MWMA Members Briefed on Environmental Issues Before Supreme Court
By Susan Jarvis
April 2, 2007
Scott Duboff, attorney for Wright and Talisman, P.C., in a March 14 teleconference, briefed Municipal Waste Management Association (MWMA) members on the environmental issues that have been argued before the Supreme Court these past few months including the topic areas of flow control, global warming, and third party liability.
The main focus of the call was on the issue of flow control and the United Haulers vs. Oneida-Herkimer case. In 1994, the U.S. Supreme Court struck down a flow control ordinance in Clarkstown (NY) that obliged haulers to bring their waste to the Clarkstown Recycling Inc. landfill. The courts upheld the ordinance until the 2nd Court of Appeals when the U.S. Supreme court ruled the ordinance violated the Commerce clause by ruling that garbage was considered commerce. Most state and local flow control ordinances were then overturned which paved the way for increased privatization.

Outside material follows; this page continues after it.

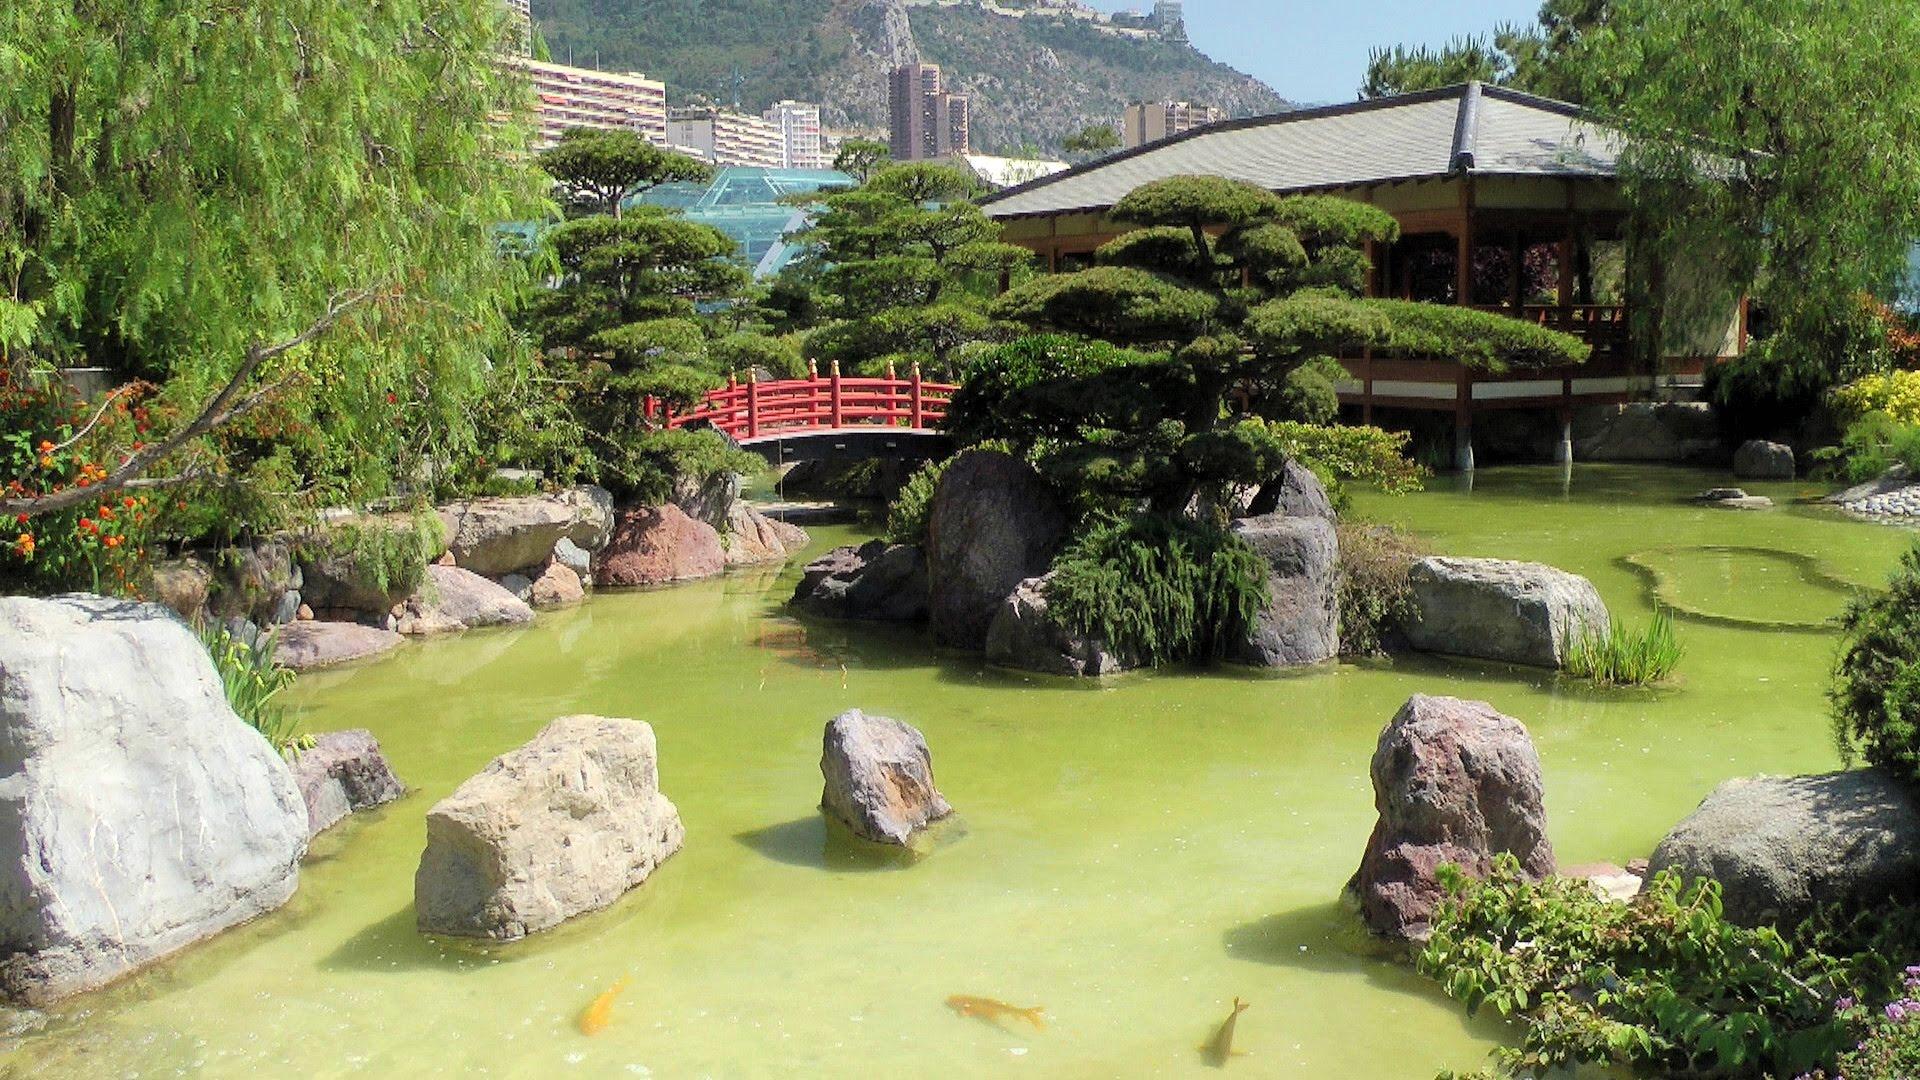 Jard n japon s de m naco viajar a m naco for Jardin japones 2016

The courts recently disagreed on two new cases resulting in their agreement to hear the United Haulers Association Inc. v. Oneida-Herkimer Solid Waste Management Authority. Previously, in the second circuit court decision, the judge distinguished between publicly owned and privately owned facilities. The judge ruled that there can be no discrimination against out of state waste disposal centers. The 6th Circuit Court, however, did not distinguish between publicly and privately owned facilities. At issue was a question of whether flow control ordinances “impose a burden on interstate commerce that is qualitatively or quantifiably different from that imposed on interstate commerce,” said DuBoff.

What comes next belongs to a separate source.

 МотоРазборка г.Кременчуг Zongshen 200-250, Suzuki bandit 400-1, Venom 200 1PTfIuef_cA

The themes of briefs, including amici curaie briefs, from the waste haulers was “local governments are in the business of selling waste disposal services to private haulers and use flow control to shield their market activities from interstate competition.” The counterpoint is that in implementing their core governmental activities for solid waste management, local governments are not engaging in market activities. Duboff explained that discrimination between public and private haulers in relation to the commerce clause is centered on communities that rely on flow control to provide considerably more comprehensive services (recycling, household hazardous waste disposal) than private haulers. A decision is expected soon.
Duboff also briefed listeners on Commonwealth of Massachusetts v. EPA, a global warming case. At issues is whether the Environmental Protection Agency (EPA) has the authority to regulate greenhouse gases (GHG) under section 202(a) (1) of the Clean Air Act. Section 202 (a) (1) directs EPA to prescribe standards to control motor vehicle emissions. Issues in this include, assuming that regulating GHG is part of EPA’s authority, was its decision in 2003 not to regulate GHG reasonable.
Also on the court's docket is the Atlantic Research v. EPA case, which addresses the clean-up of environmentally-contaminated properties. Currently, a potentially responsible party (PRP) that voluntary cleans up a contaminated site without being sued by the government can not seek contribution from other parties. Contribution is only available to sites where a clean-up was ordered. There is a concern by the Conference of Mayors that this might have a chilling effect on the number of brownfield sites that are currently being cleaned up.
The Conference of Mayors has signed onto amicus briefs for all three Supreme Court cases.